There was scarcely a person who was in the habit of frequenting the vicinity of this pond, but was in some degree affected by its exhalations. About twenty persons were violently seized with fevers similar to the above, all of which could be traced to this source. All recovered but the two first cited cases.

My treatment of this fever was ;

  • 1st. Venesection. This I generally repeated from two to four or five times, according to the inflammatory action of the system. In one case where the pulse was too frequent to be numbered, it rendered it slower and much more distinct.
  • 2nd. Emetics. These I seldom exhibited unless they were indicated by a nausea or vomiting.
  • 3d. Cathartics. These I administered very liberally, generally consisting of calomel, or calomel combined with jalap ; or with tartarised antimony. They were administered every day at first, and every other day afterwards, or oftener if evacuations were indicated.
  • 4th. Epispastics. These were generally applied after the second bleeding, and sooner if a stupor, delirium, or subsultus tendinum was threatened ; or when the vomiting proved obstinate.
  • 5th. Alkalies. Soda was generally preferred where the stomach would receive it; otherwise the aqua ammonite acetatae, or in a state of effervescence.
  • 6th. Febrifuges, consisting of nitrous powders combined with soda and tartarised antimony, given so as to dissolve in the stomach.
  • 7th. Calomel. Whenever the symptoms were alarming, I always gave calomel in small doses to produce an affection of the salivary glands. Though I must confess I always gave it with reluctance, and not till the state of my patient rendered it absolutely necessary.
  • 8th. Lavations. I made it a constant rule to have my patients thoroughly washed with strong soap-suds, or a solution of pearl-ash, twice a day and sometimes oftener.
  • 9th. Cold. When the feverish heat was great, I generally applied cold water, or vinegar and water, to the body generally.

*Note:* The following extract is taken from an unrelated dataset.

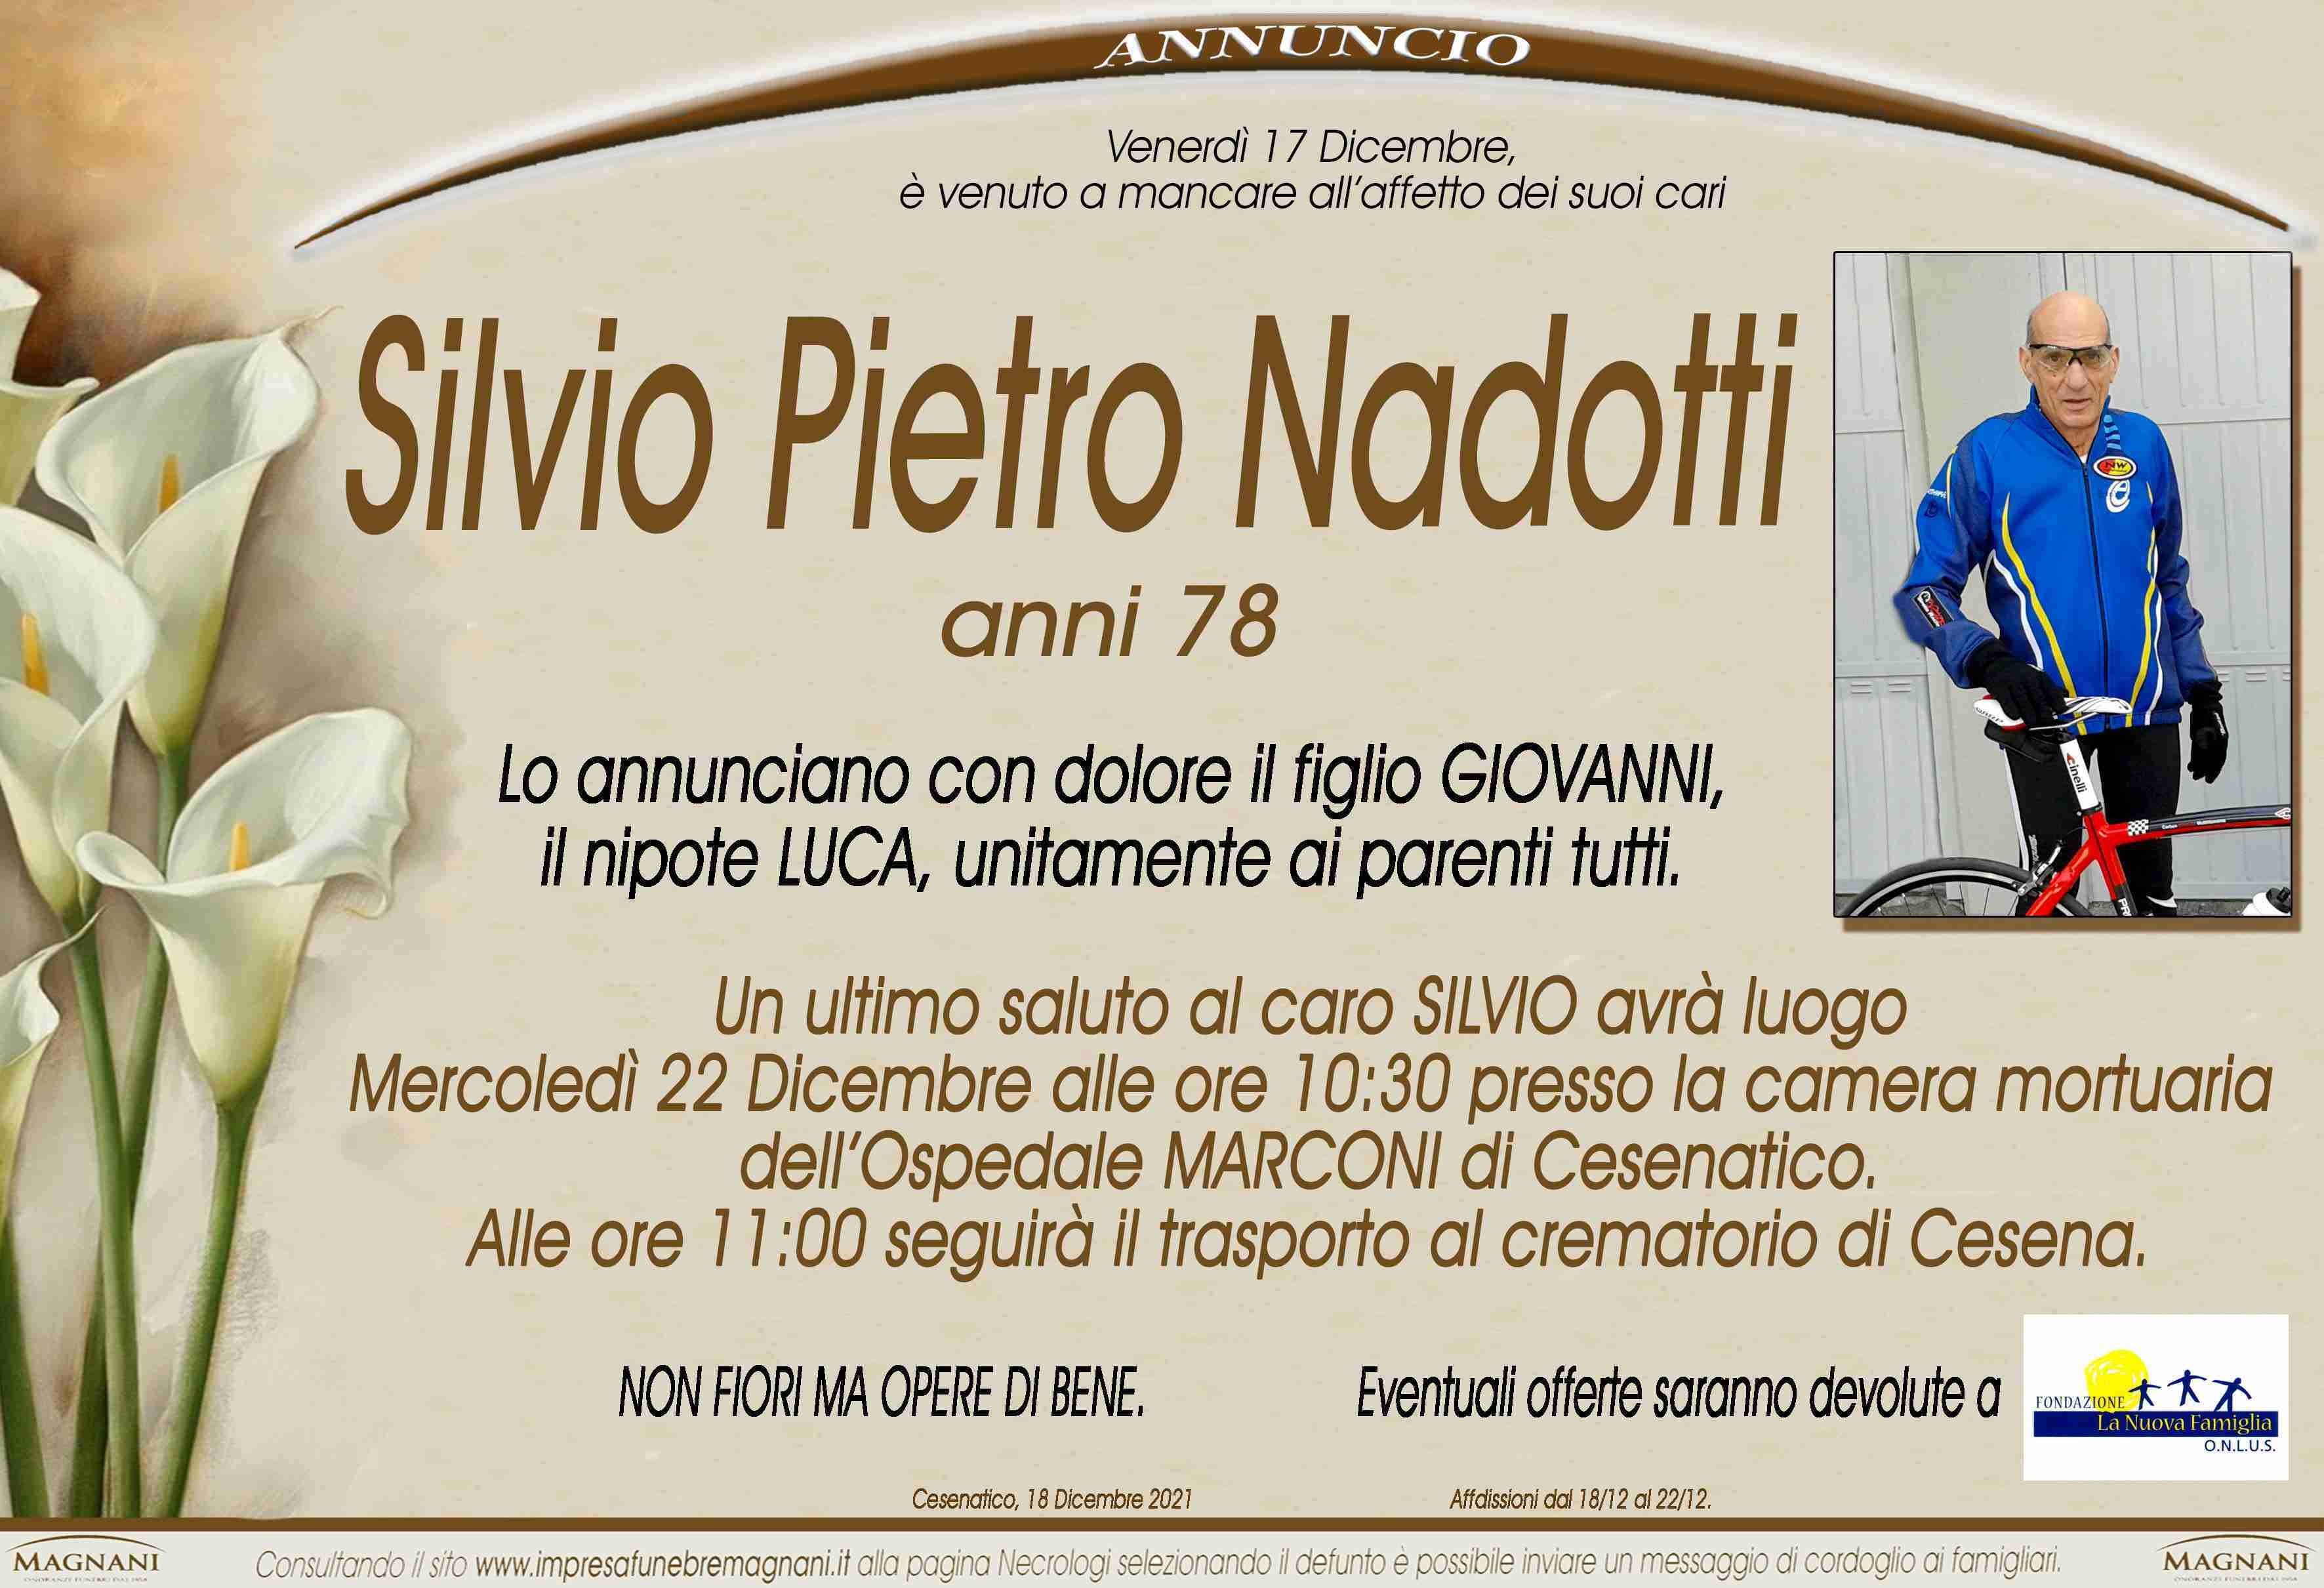 Nadotti Silvio Pietro
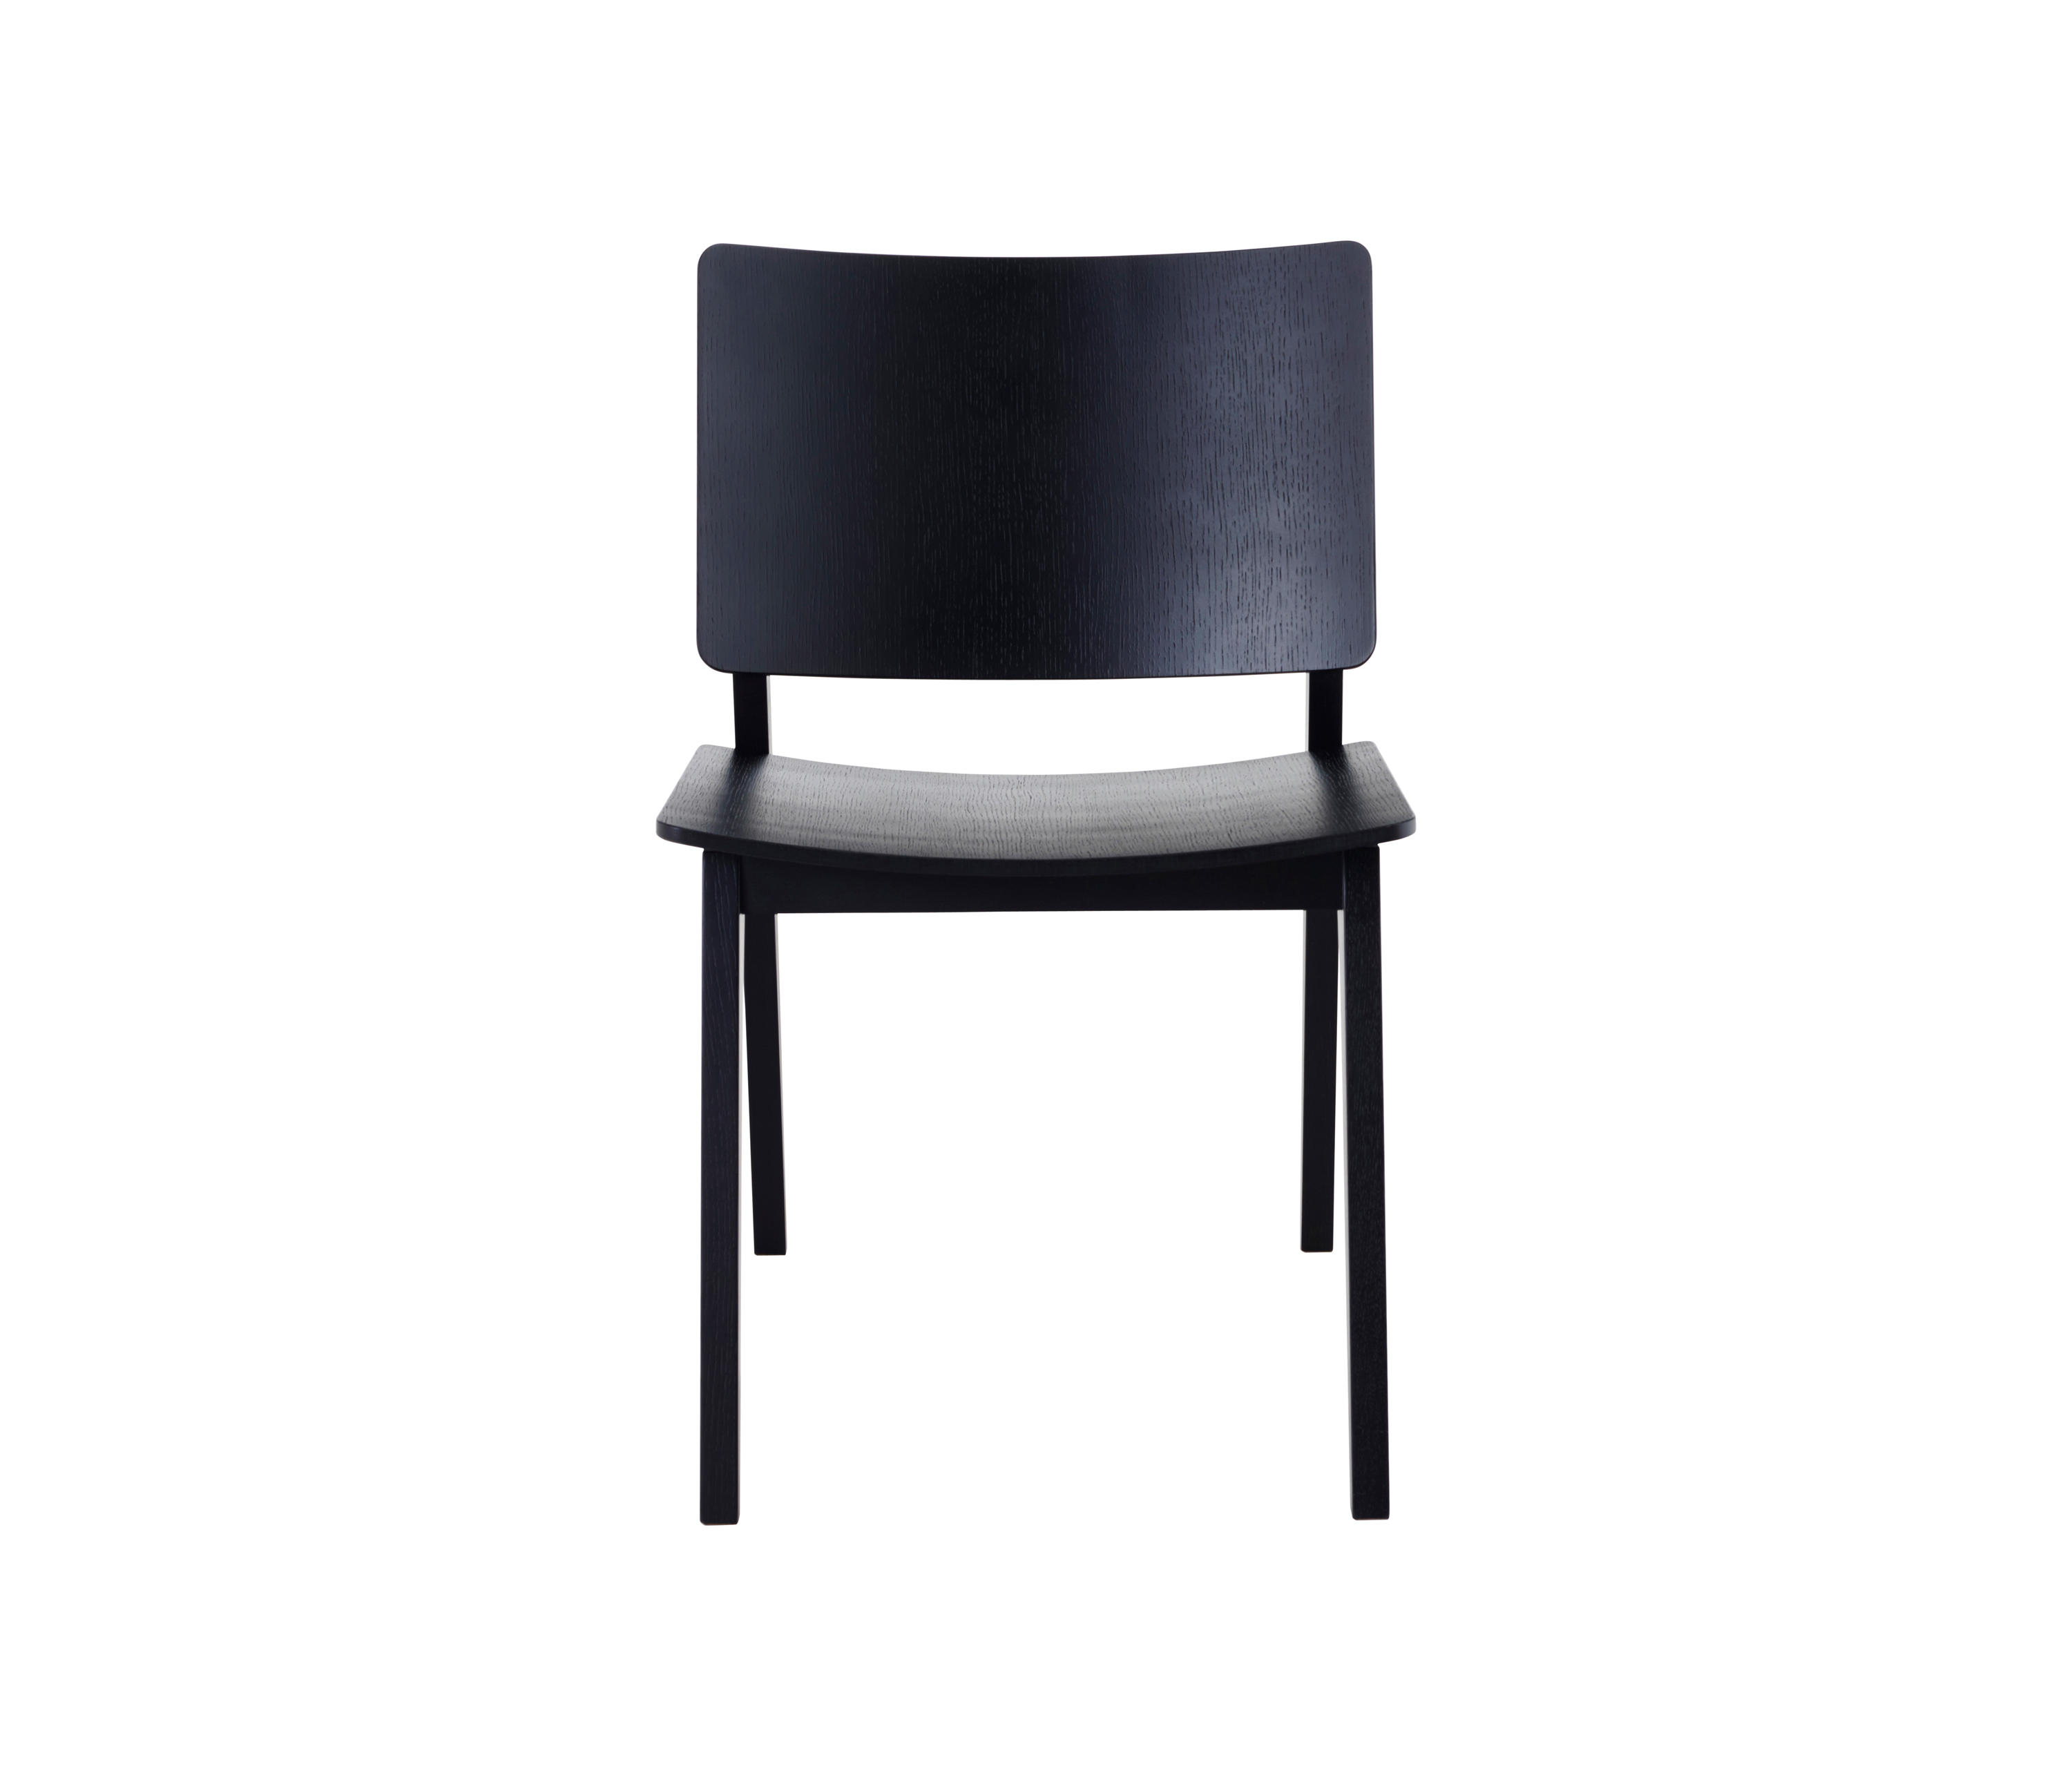 Maui Standard Chair Designer Furniture Architonic

All these cases of fever had completely subsided in January, 1806; and no new case occurred till the summer following, when it returned with redoubled force, and in a much greater variety of instances. It was now evidently traced to a new source. In the summer of 1804, a mill dam had been erected across the northern branch of the Mohawk river adjoining the village. This dam set the water back into a creek which in the summer had always been dry. The trees and a luxuriant vegetation completely excluded the rays of the sun from this creek through the summer following. In the winter of 1805 and 6, all these trees were cut down for fire-wood. Nothing any longer excluded the solar rays, they burst with full force upon the creek, into which a profusion of vegetables andthe offals of animals had been thrown. The process of putrefaction now commenced and evolved an exhalation of deleterious gas that soon affected the inhabitants in its vicinity. About fifty persons resided near the bank of this creek: not one ot these escaped an attack of a bilious remitting or typhous fever, and most of them were sick, during the whole season. They uniformly complained of the fetid effluvia which emanated from this creek ; which were most offensive early in the morning. The fever gradually progressed to persons more remote, till it arrived at Broad street, which runs east and west through the centre of the village. North of this line, very few cases occurred during the whole season, while in the south, I have enumerated 150, and most of these in the immediate neighbourhood of the creek. The symptoms were very similar to those I have described for the preceding year, excepting the liver and alimentary canal, which were now more particularly the seats of disease. In one case an abscess that had formed in the liver discharged large quantities of pus through the intestines per anum.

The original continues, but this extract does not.